This program is designed to function as a chatbot with the ability to scrape data from the Data Science Wikipedia page and answer user questions. It combines traditional text processing methods with advanced machine learning models for question answering. Here's a breakdown of its main components:

1. Library Imports: The script begins by importing necessary Python libraries for HTTP requests, HTML parsing, natural language processing, vectorization, and machine learning.

2. NLTK Data Download: It ensures that essential NLTK data packages (punkt and wordnet) are available, which are crucial for text tokenization and lemmatization.

3. Question-Answering Pipeline: The script initializes a question-answering pipeline using Hugging Face's Transformers library, which employs a pre-trained model capable of understanding and answering natural language questions.

4. Web Scraping: It fetches and parses the content from the Data Science Wikipedia page using requests and BeautifulSoup, storing the text in a lowercased format for further processing.

5. Text Preprocessing: The script sets up functions for tokenizing and normalizing text, including lemmatization and punctuation removal, to prepare the data for analysis.

6. Response Generation: The response function uses TF-IDF vectorization and cosine similarity to generate responses based on the user's input, leveraging the scraped Wikipedia content.

7. Enhanced Question Answering: For specific questions (detected by keywords like "what is" or "explain"), the script uses the pre-trained model to generate more accurate and context-aware responses.

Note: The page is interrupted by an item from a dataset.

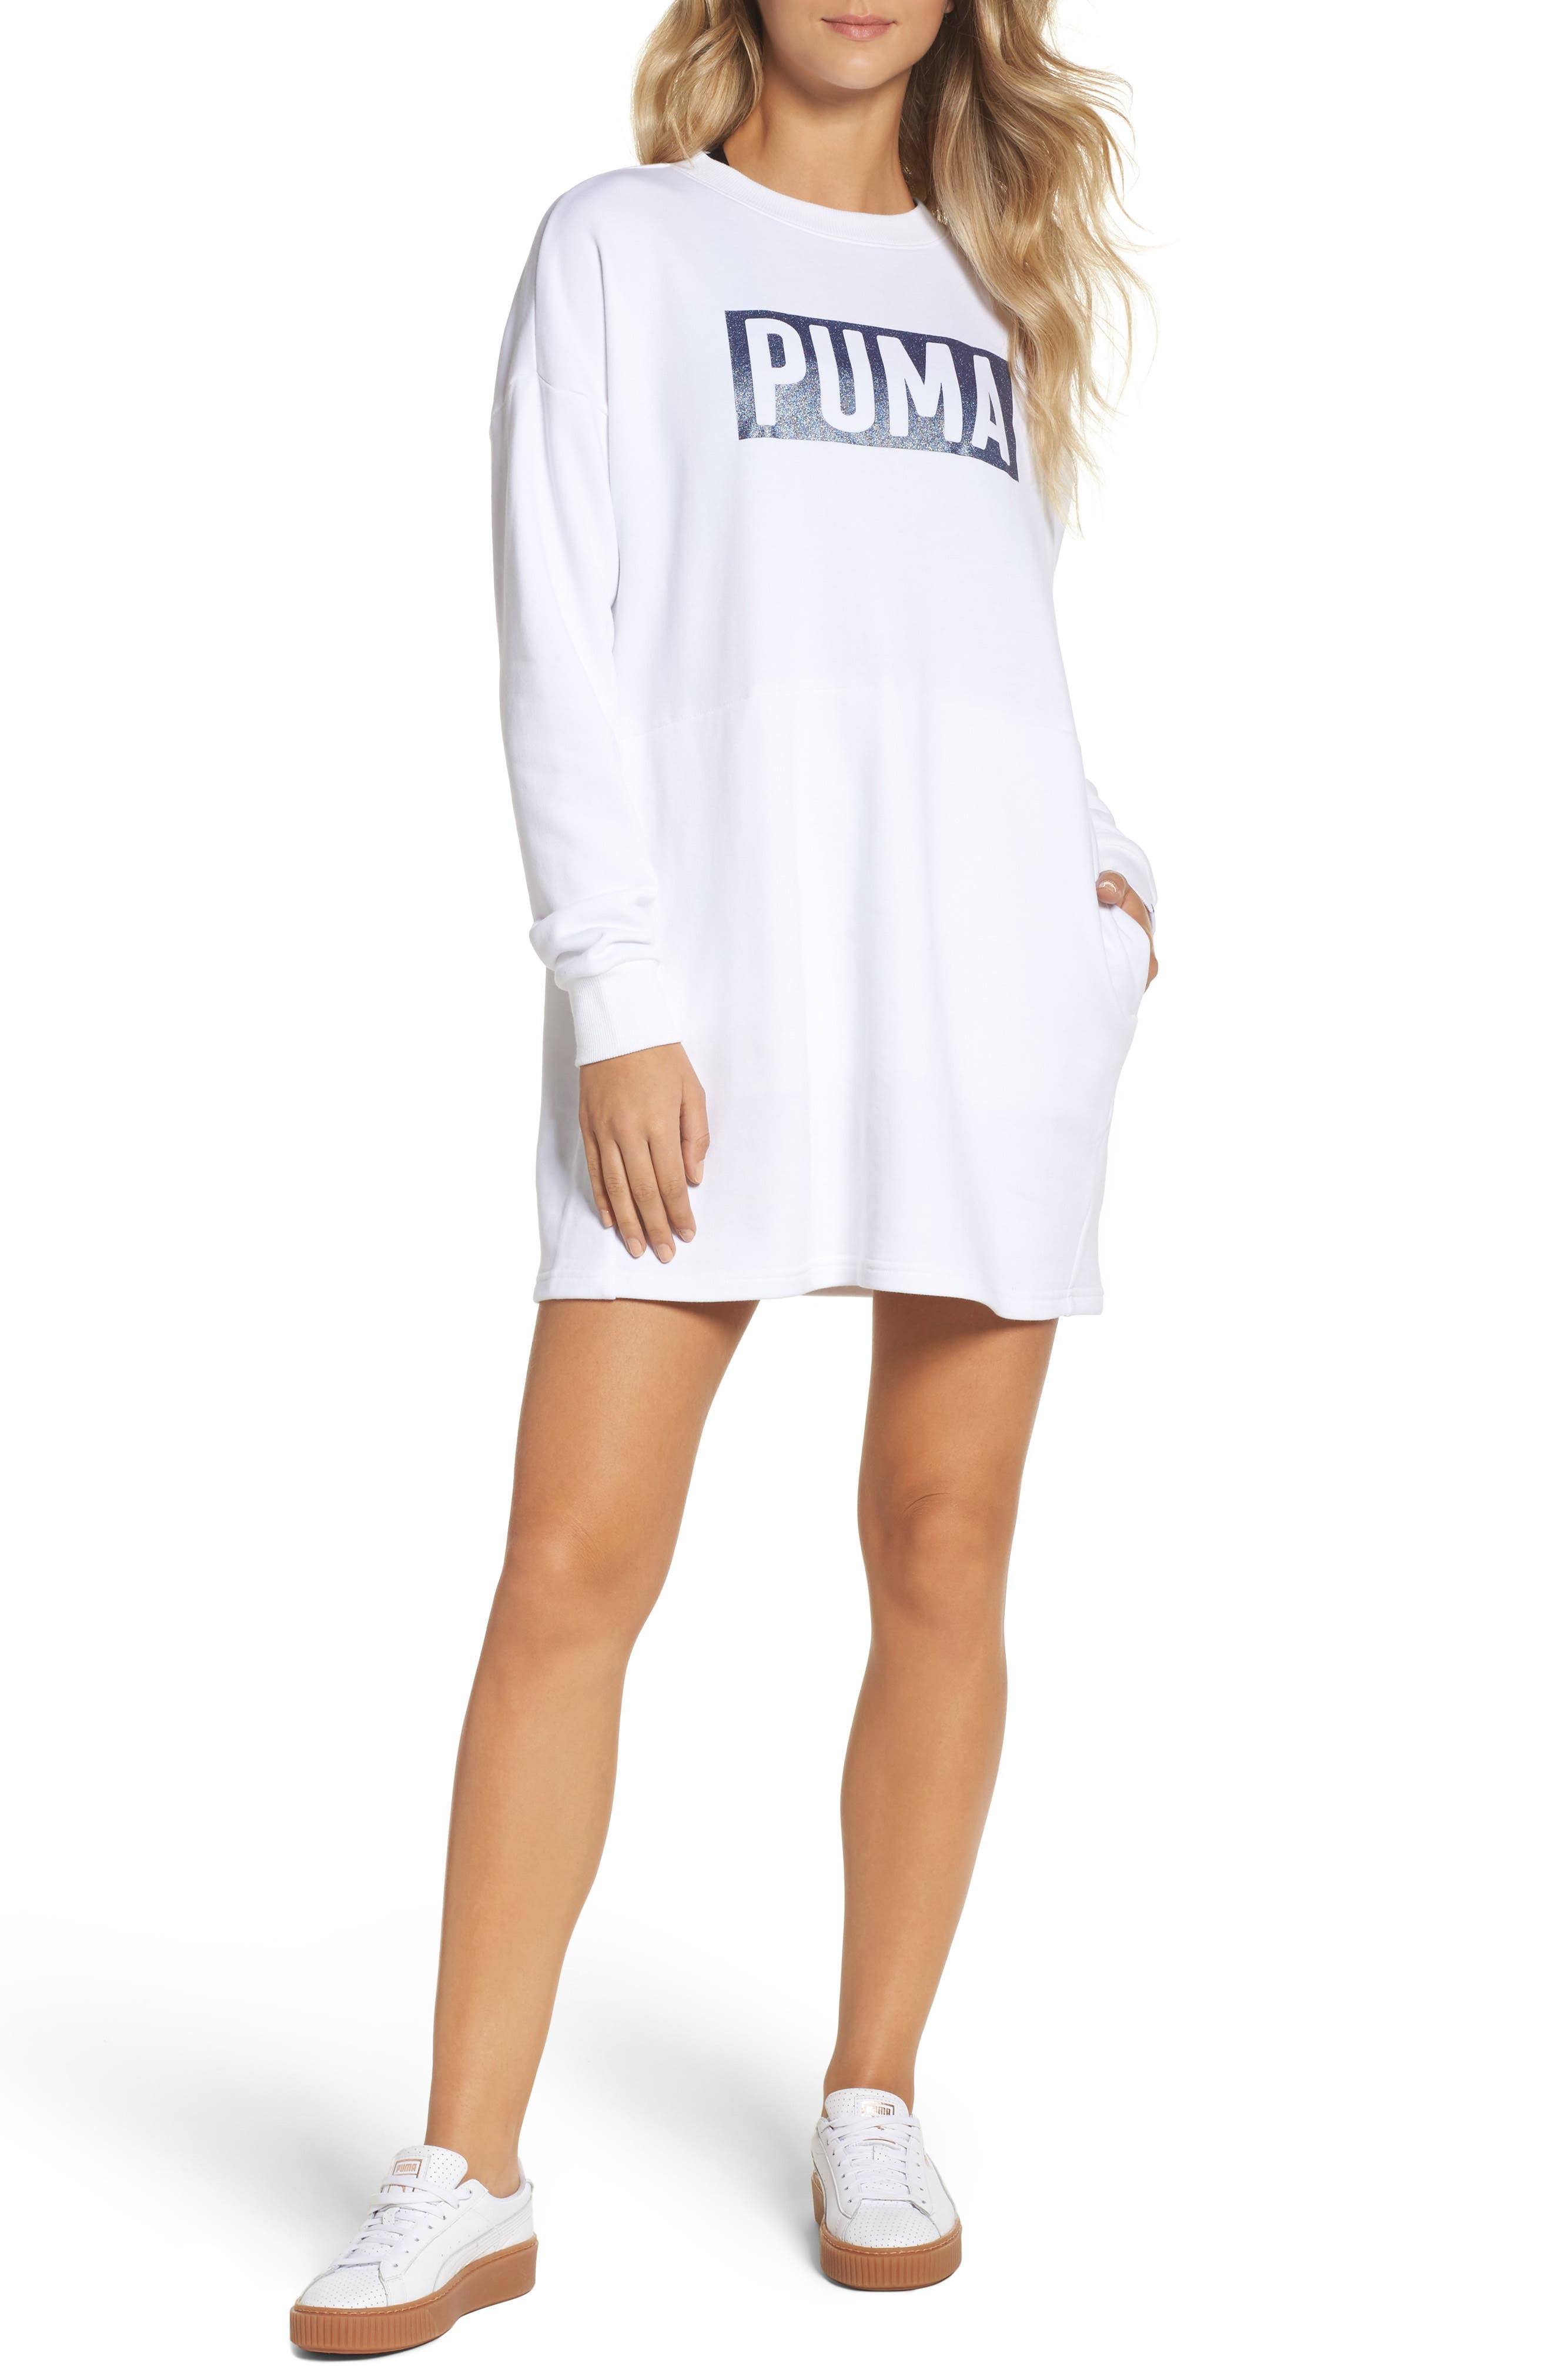 Alternate Image 1 Selected - PUMA Fusion Sweatshirt Dress

8. Interaction Loop: Finally, the script enters a loop where it interacts with the user, processing input, generating responses using either the traditional method or the pre-trained model, and continuing the conversation until the user opts to exit.


In [68]:
import requests # Used to make HTTP requests to fetch the Wikipedia page
from bs4 import BeautifulSoup # Parses the HTML content of the Wikipedia page to extract text
import nltk # The Natural Language Toolkit, used for text processing like tokenization and lemmatization
import numpy as np # Numerical operations
import random # Generating random choices
import string # Provides a list of punctuation characters for text cleaning

# Transform text into a vectorized form and calculating similarity between text segments
from sklearn.feature_extraction.text import TfidfVectorizer
from sklearn.metrics.pairwise import cosine_similarity

# Provides access to the question-answering pipeline and pre-trained models
from transformers import pipeline

In [69]:
# Downloading NLTK packages
nltk.download('punkt', quiet=True) # for sentence tokenization
nltk.download('wordnet', quiet=True) #  for lemmatization

True

**Question-Answering Pipeline Initialization**:

- Initializes a pipeline for question-answering tasks using a pre-trained model.
- The default model is associated with the question-answering pipeline from Hugging Face's Transformers library. When you call pipeline('question-answering') without specifying a model, it defaults to a pre-trained model (distilbert-base-cased-distilled-squad.) that's optimized for the question-answering task.

In [70]:
# Initialize the question-answering pipeline with a pre-trained model
qa_pipeline = pipeline('question-answering')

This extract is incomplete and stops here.